I'm glad to see that so many people have posted on here. I would like to address regarding the bar being raised. I agree that the bar set for CN 3's and 4's is a bit low at Stanford and that it should be raised. However, it should be attainable and within reason. There are many of us who go above and beyond and DO function at the level of a CN II and IV. Under the proposed contract, many of us will be demoted to CNII despite the fact that we perform a multitude of specialty, leadership, and clinical roles. I say shame on the managers for allowing those who DIDN'T perform at the level of a CN III or IV to continue on at that level. I say shame on the hospital for wanting to demote those of us who DO function at the level of a CNII or IV. I am an ICU nurse. I perform a large majority of the specialty, clinical, and leadership roles available to me on my unit. Under the proposed contract, I will be demoted to a III and maybe a II because I don't publish articles, books, or speak at national conferences. Not to mention that I would have to do this ANNUALLY just to maintain by status. Who has the time to work full time AND publish? I work AT the bedside. I teach nurses who work AT the bedside. I teach advanced skills to physicians and other health care providers who work AT the bedside. While I agree that publishing and speaking are important aspects of professional development, I believe that equal credit should be given to both aspects of clinical nursing whether it's at the bedside, in an article, or at a national convention.

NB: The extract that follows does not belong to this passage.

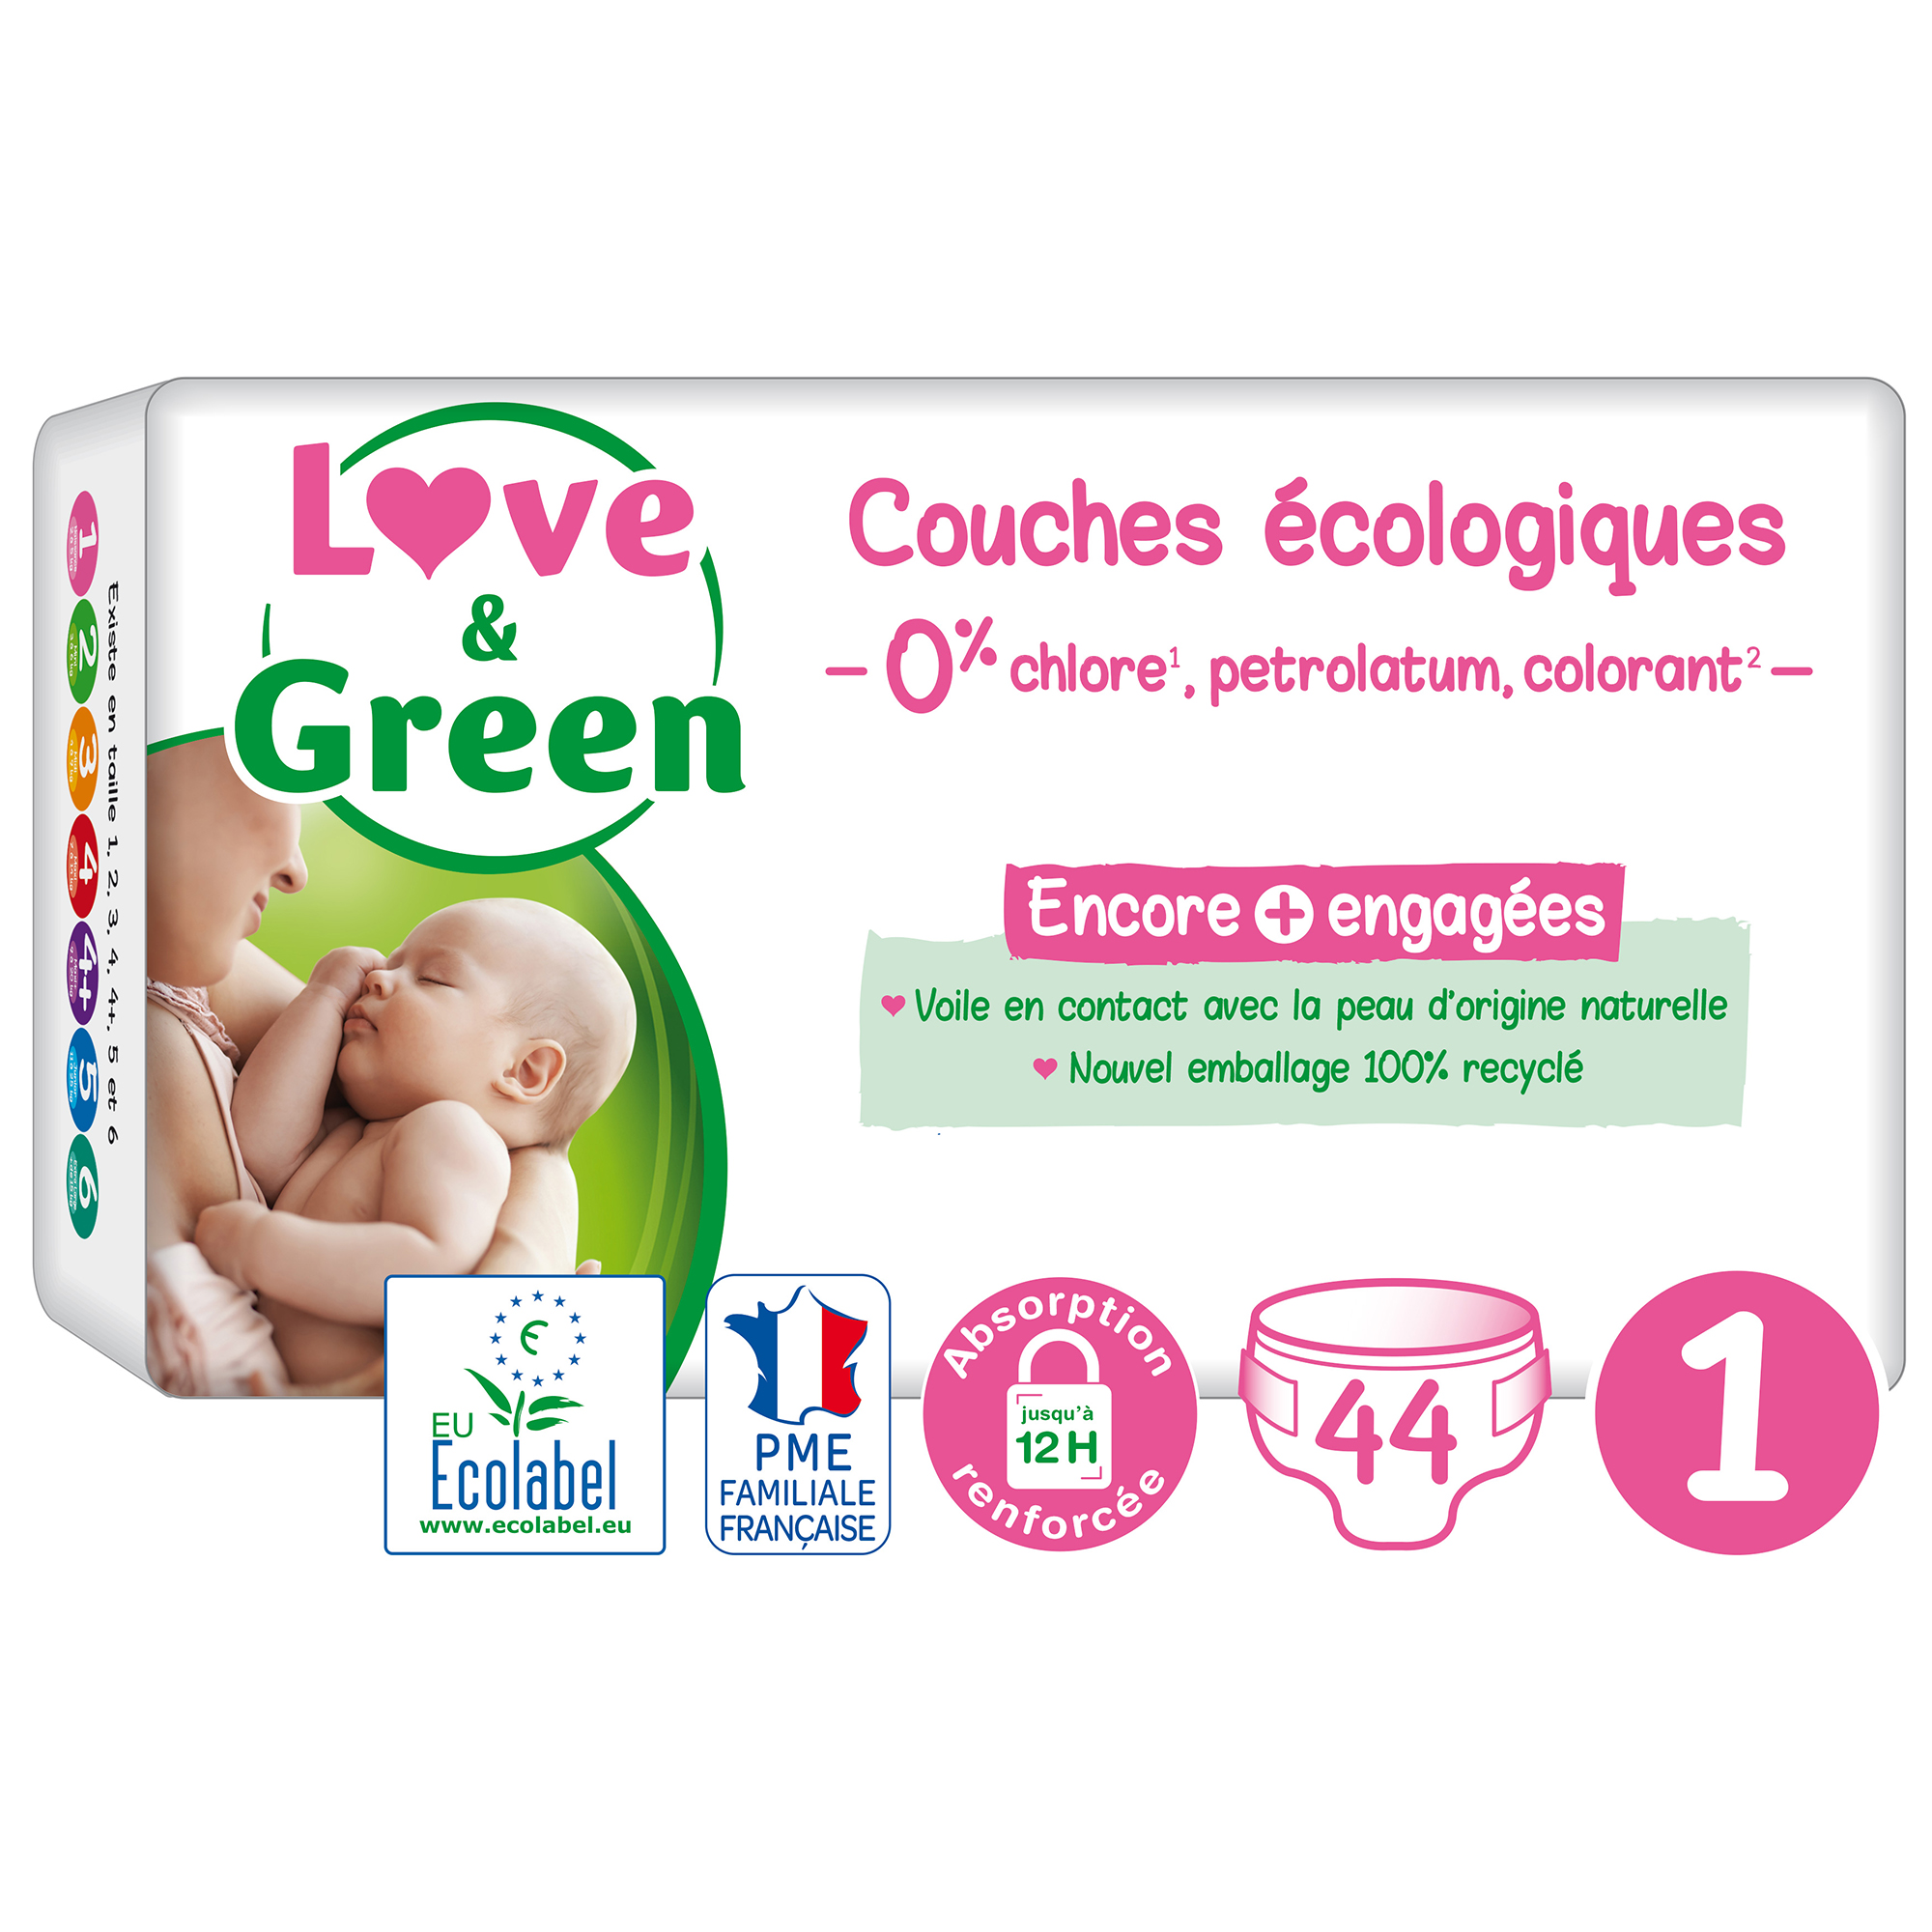 Love And Green Couches Hypoallergéniques Taille 3 4 à 9Kg Paquet
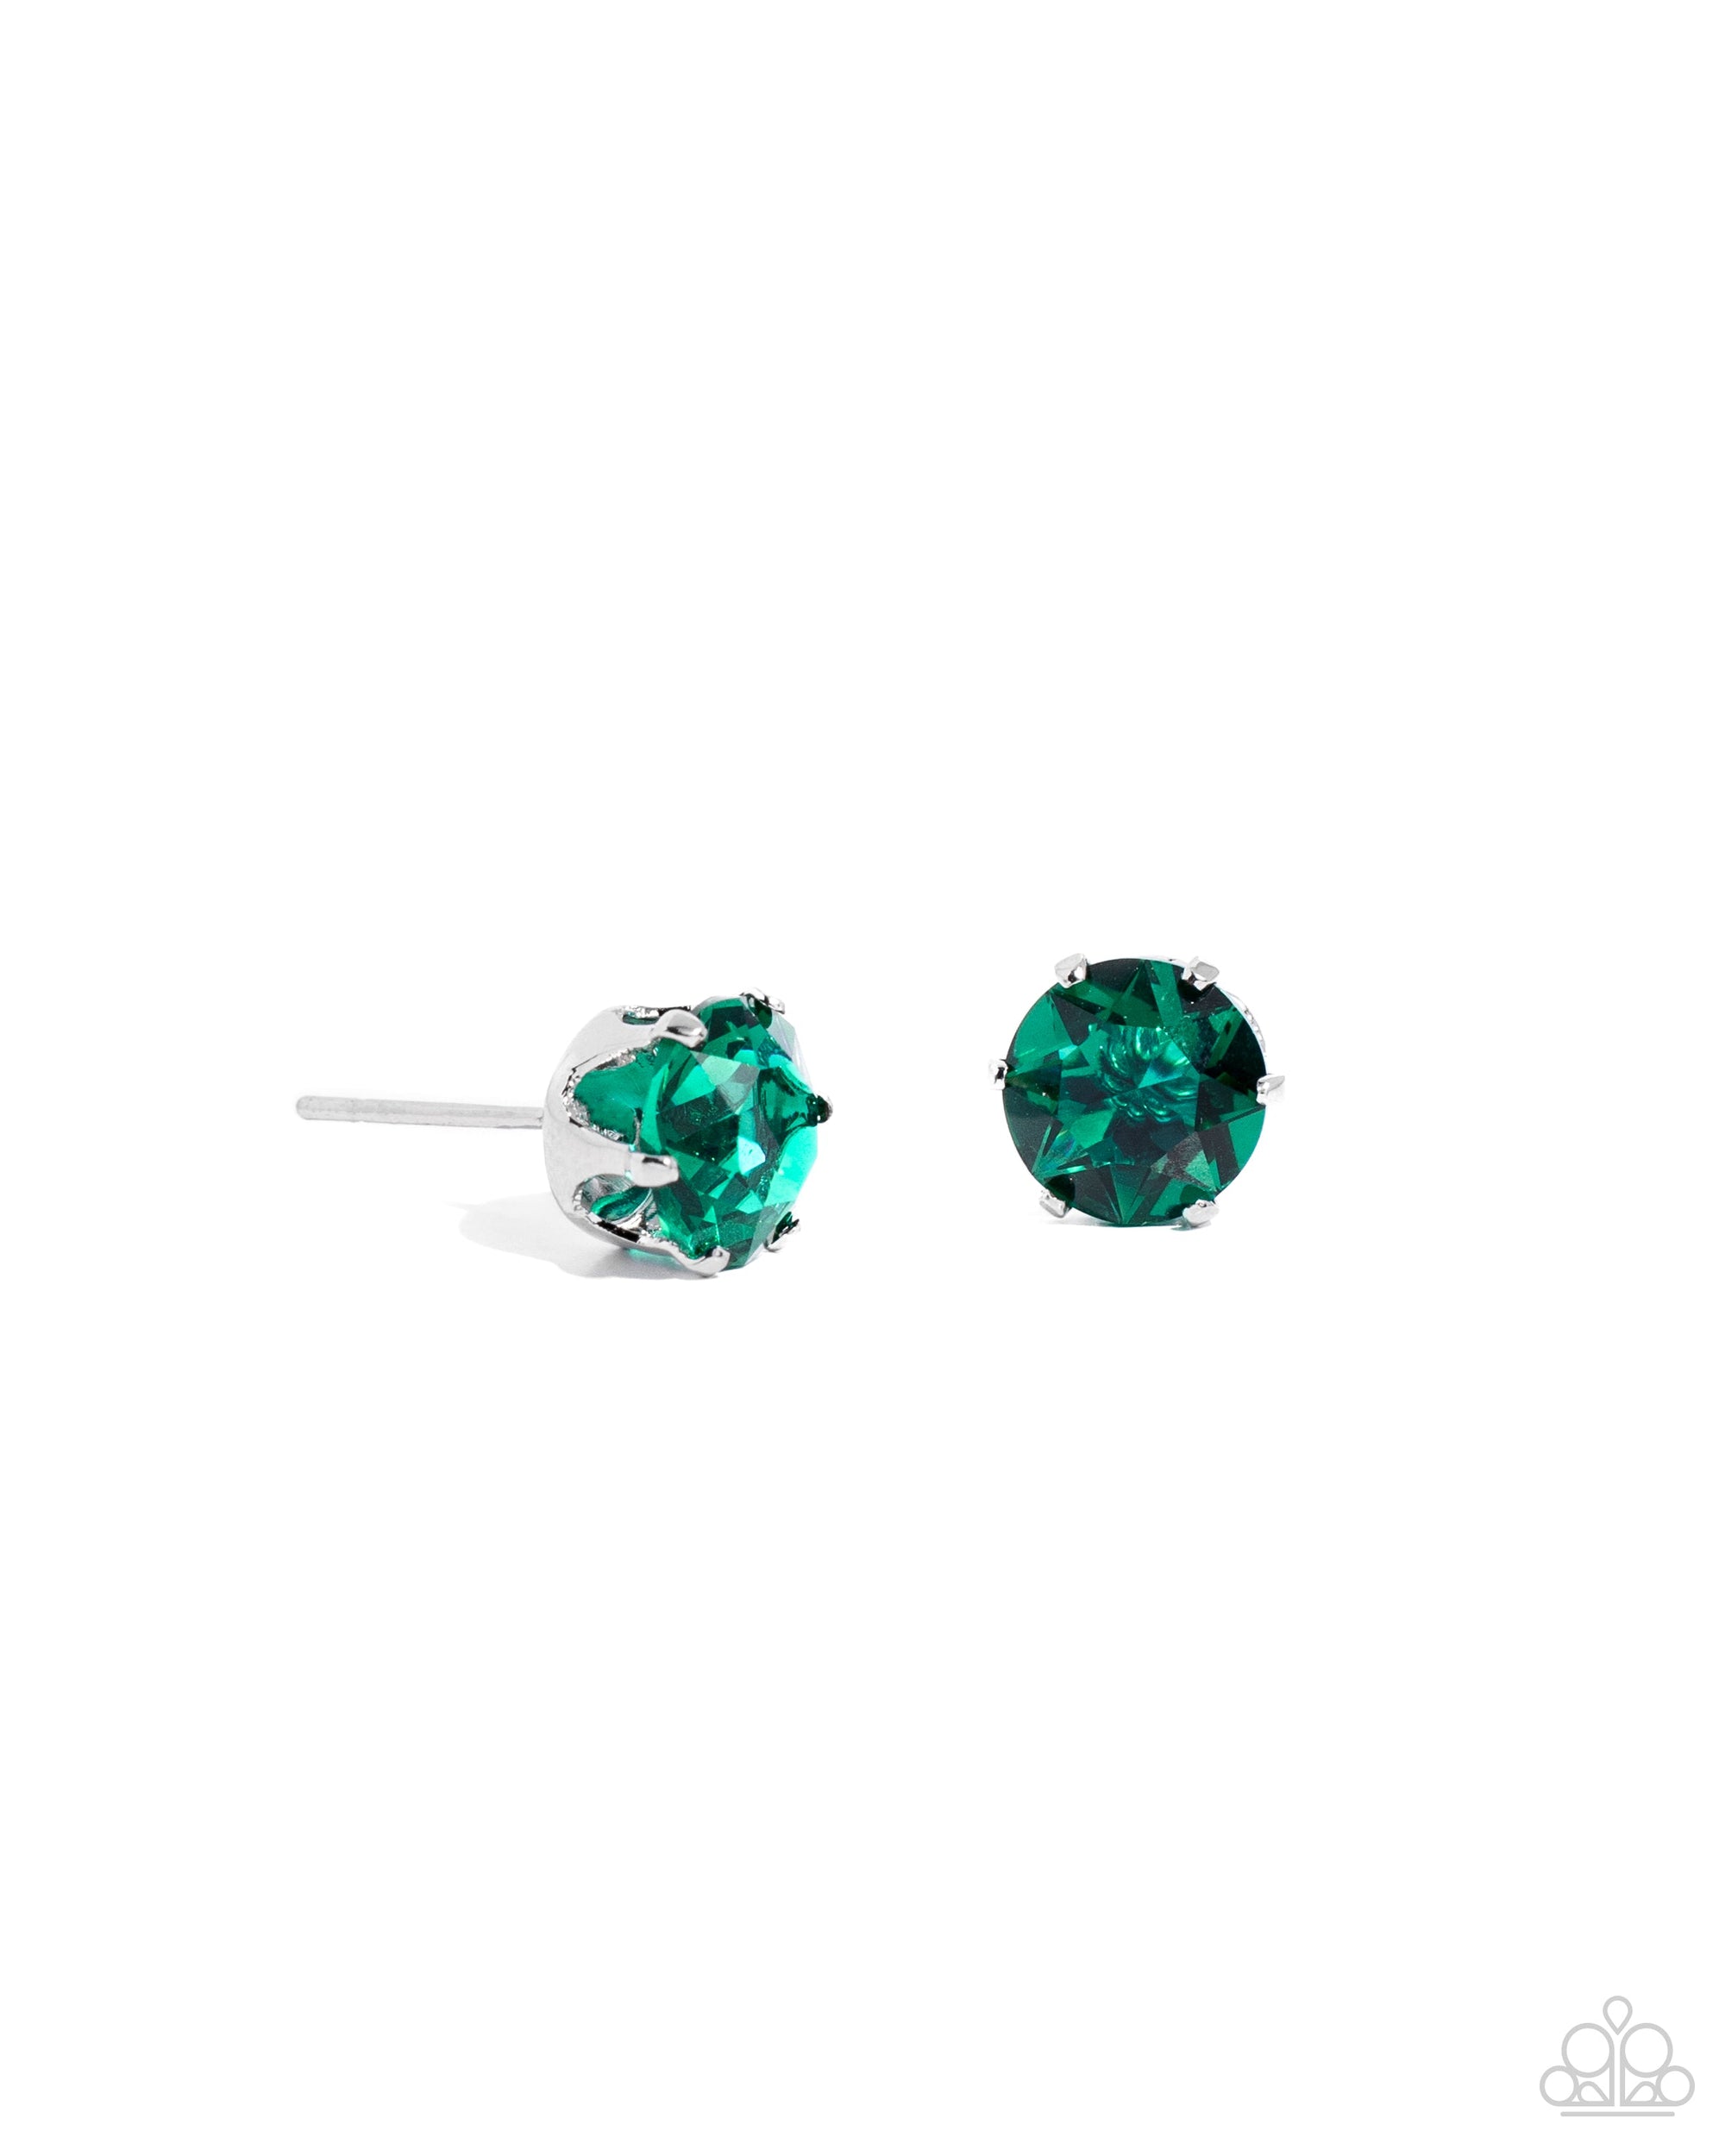 Breathtaking Birthstone (May) Emerald Green Rhinestone Earrings - Paparazzi Accessories- lightbox - CarasShop.com - $5 Jewelry by Cara Jewels

My salary does not dictate my worth. It's my skills that dictate my worth and I deserve to be recognized for those skills. I could care less about a raise. So, please do not feel sorry for me. I am not complaining about my 100K+ salary. Nor am I complaining about my employer wanting to raise the bar for clinical excellence. Feel sorry for me because Stanford is unfair and unrealistic in recognizing my clinical skills and professional talents.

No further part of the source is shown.